**SUPPLIED MATERIAL**.
------------------------
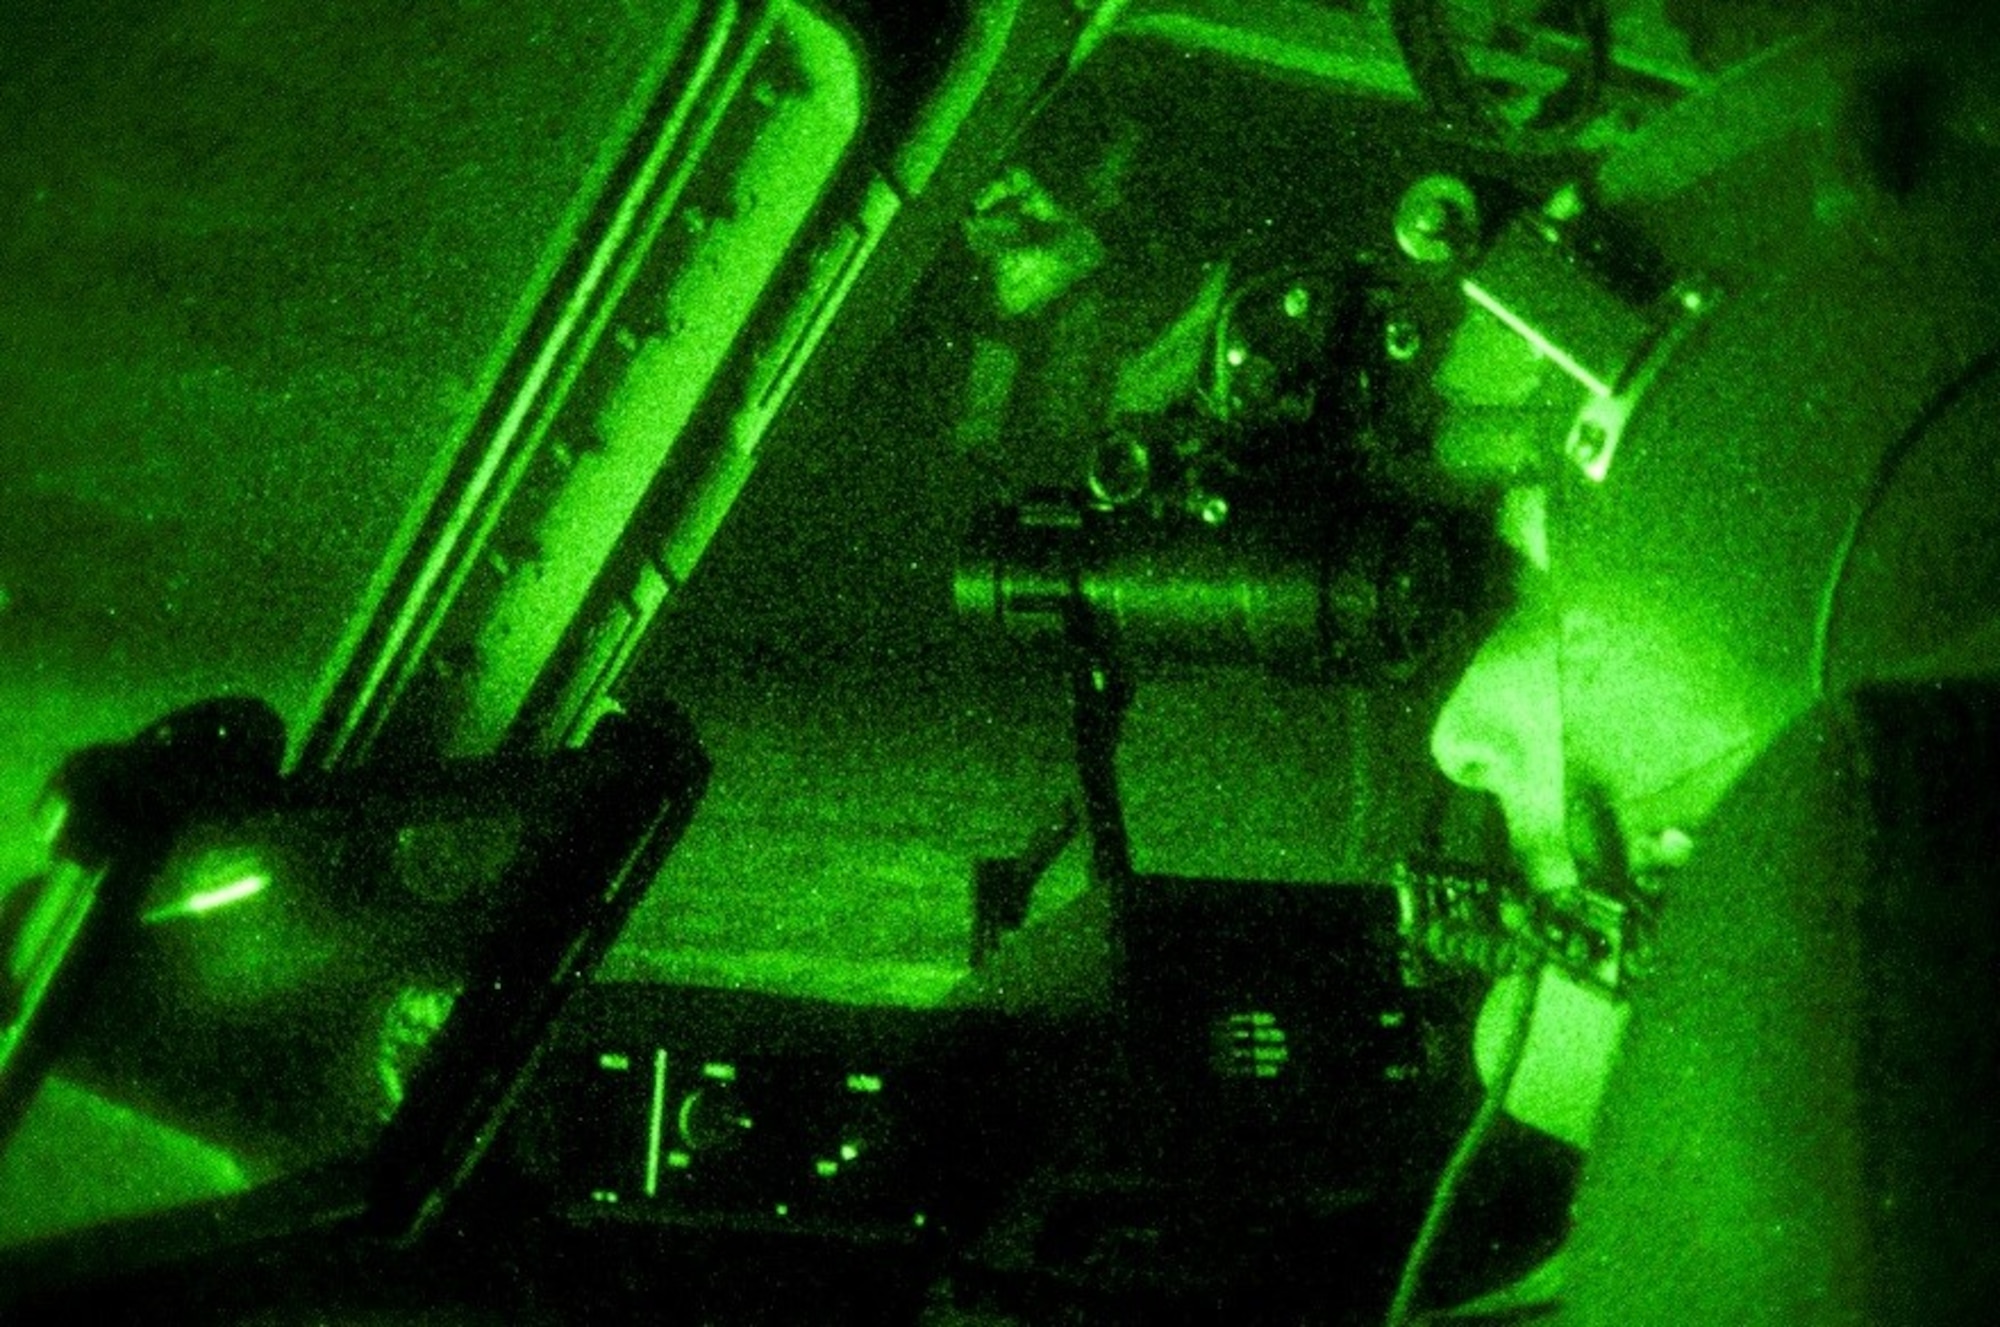 U.S. Air Force Capt. Andrew Rast, 304th Expeditionary Airlift Squadron pilot, uses night vision goggles to taxi a C-17 Globemaster III aircraft after landing at Pegasus Ice Runway, Antarctica during Operation Deep Freeze (ODF), July 15, 2016. ODF is the logistical support provided by the Department of Defense to the U.S. Antarctic Program (USAP). This includes the coordination of strategic inter-theater airlift, tactical intra-theater airlift and airdrop, and transportation requirements supporting the National Science Foundation, the lead agency for the USAP. (U.S. Air Force Reserve photo by Staff Sgt. Madelyn McCullough)
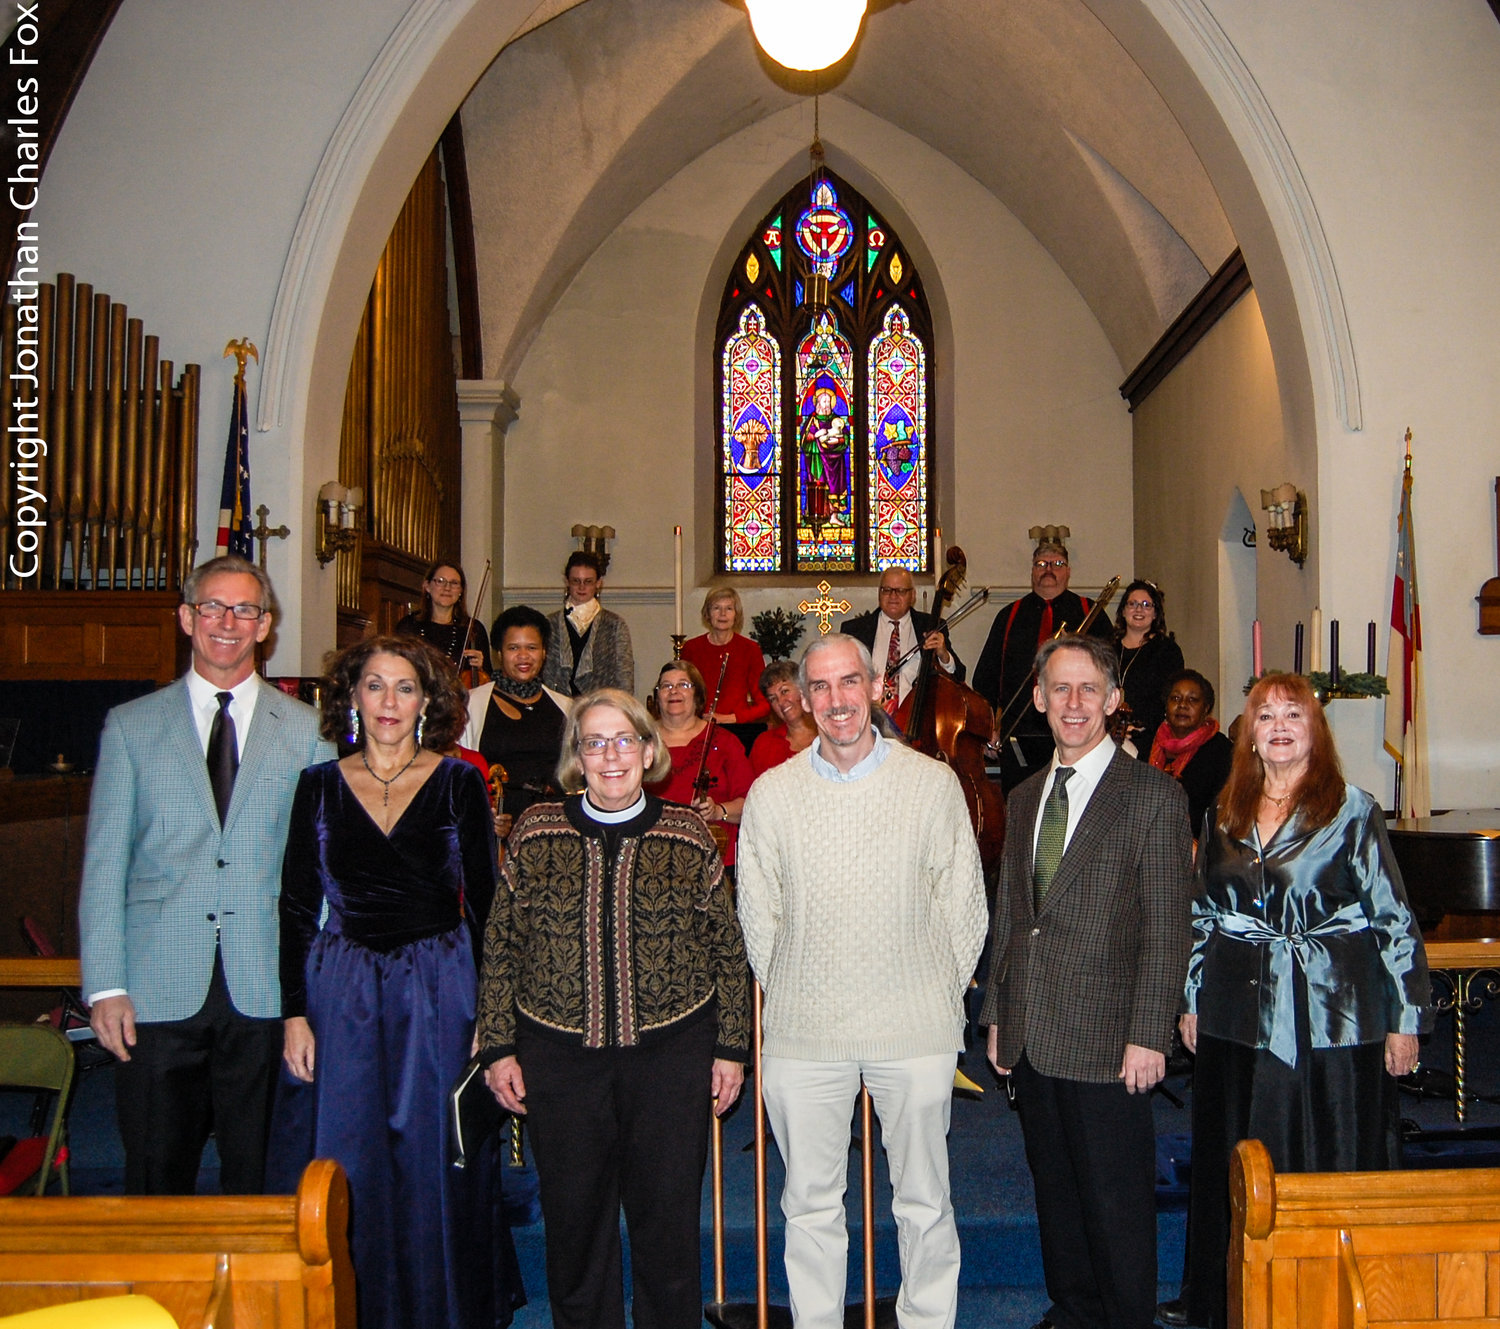 St. John’s Rev. Diana S. Scheide with WJFF’s Dan Rigney, center, are seen here flanked by soloists John Weidemann, Janice Meyerson, left, and Kevin Hanek and Kathy Geary, right, with the musicians who accompanied the Handel’s “Messiah” sing-along behind them.
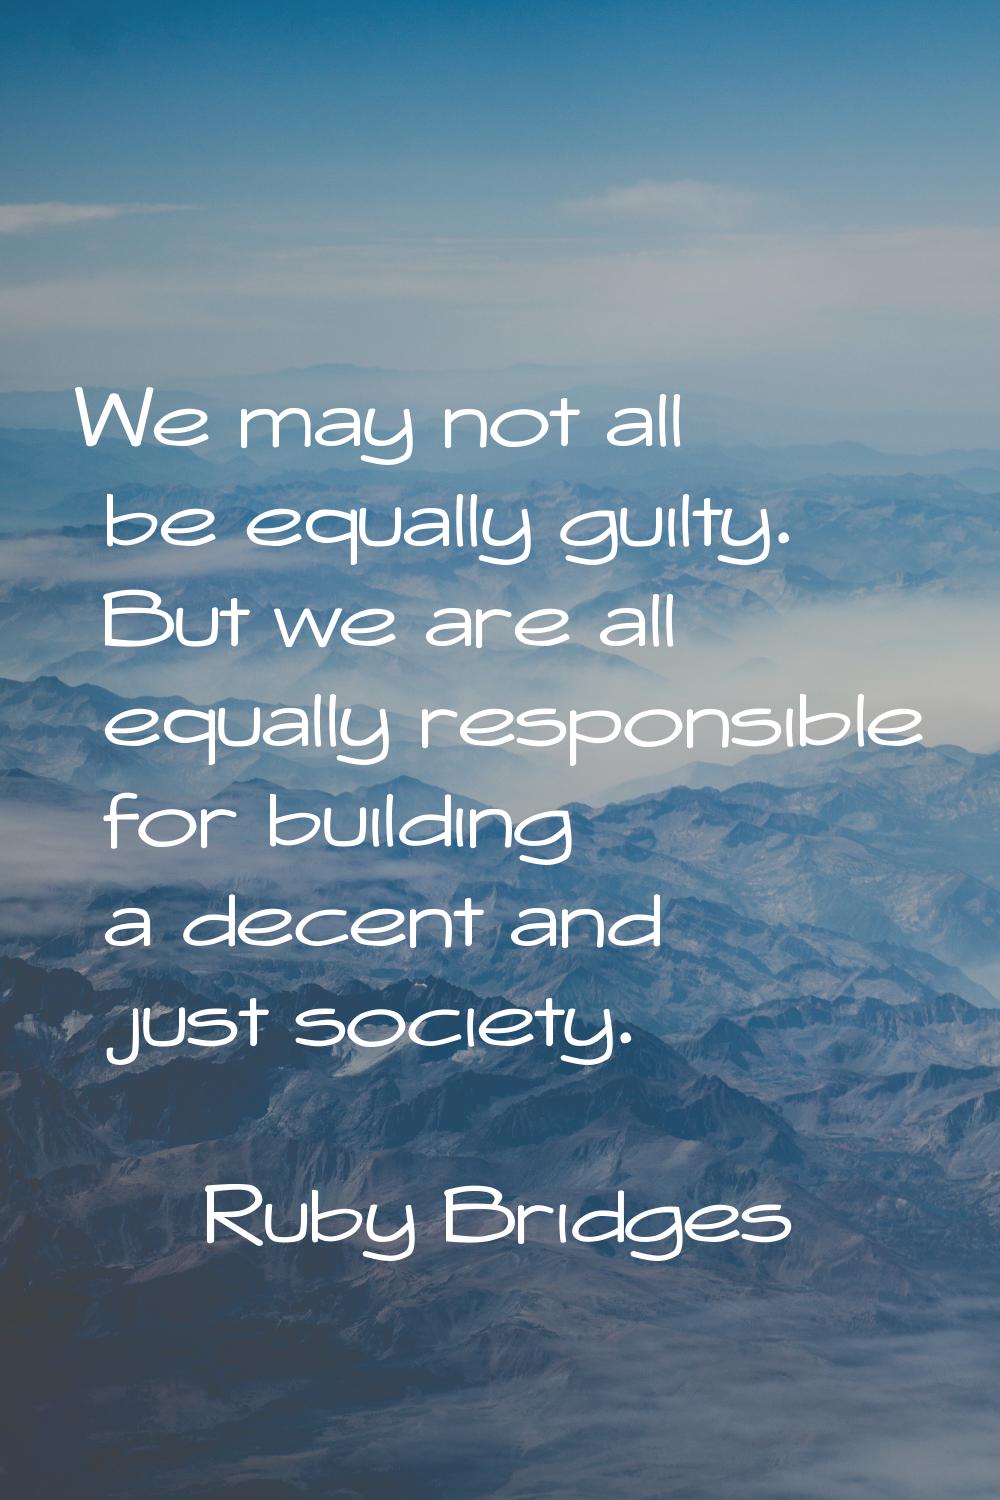 We may not all be equally guilty. But we are all equally responsible for building a decent and just
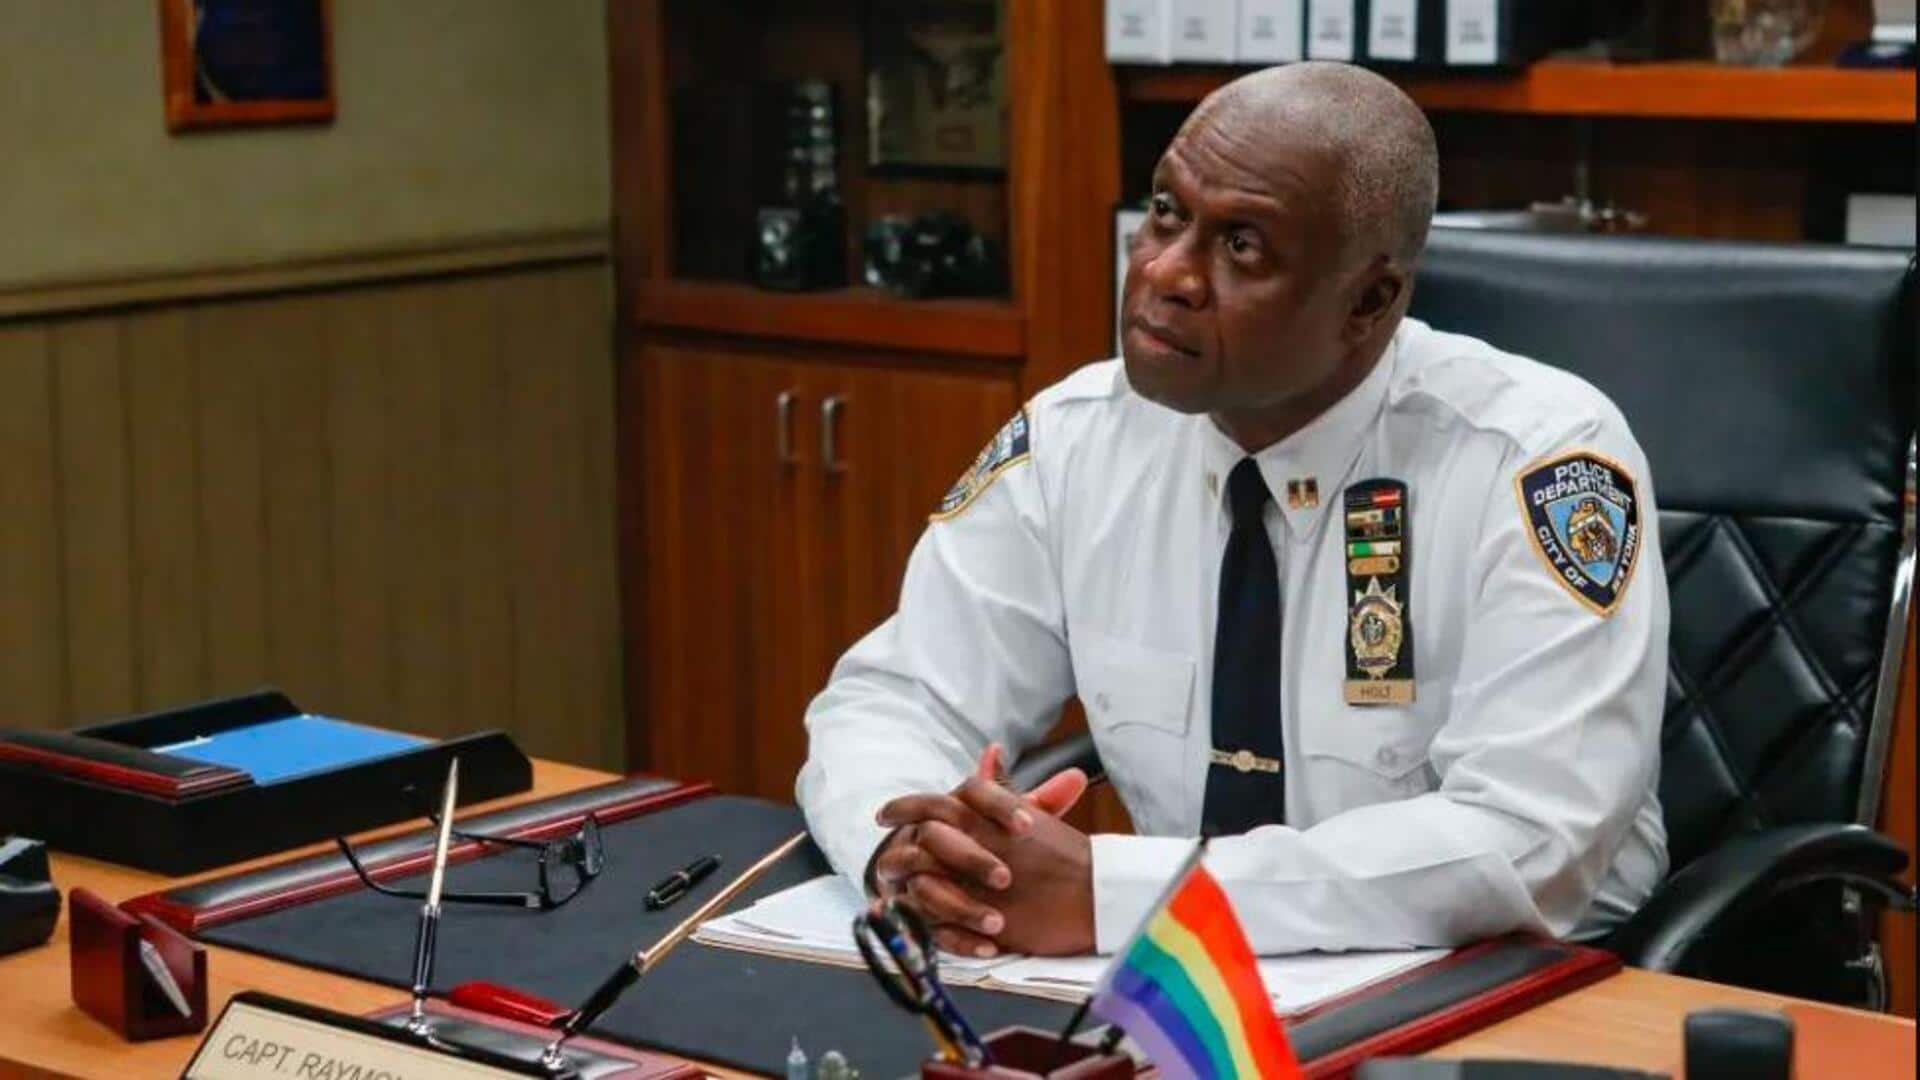 Life lessons that Captain Holt aka André Braugher taught us
------------------------
**WHAT TO PRODUCE**.
In the copy, include no pictures; everything else in the material should be written out exactly.

**ANSWER FOR THIS EXERCISE**.
 U.S. Air Force Capt. Andrew Rast, 304th Expeditionary Airlift Squadron pilot, uses night vision goggles to taxi a C-17 Globemaster III aircraft after landing at Pegasus Ice Runway, Antarctica during Operation Deep Freeze (ODF), July 15, 2016. ODF is the logistical support provided by the Department of Defense to the U.S. Antarctic Program (USAP). This includes the coordination of strategic inter-theater airlift, tactical intra-theater airlift and airdrop, and transportation requirements supporting the National Science Foundation, the lead agency for the USAP. (U.S. Air Force Reserve photo by Staff Sgt. Madelyn McCullough)
 St. John’s Rev. Diana S. Scheide with WJFF’s Dan Rigney, center, are seen here flanked by soloists John Weidemann, Janice Meyerson, left, and Kevin Hanek and Kathy Geary, right, with the musicians who accompanied the Handel’s “Messiah” sing-along behind them.
 We may not all be equally guilty. But we are all equally responsible for building a decent and just
 Life lessons that Captain Holt aka André Braugher taught us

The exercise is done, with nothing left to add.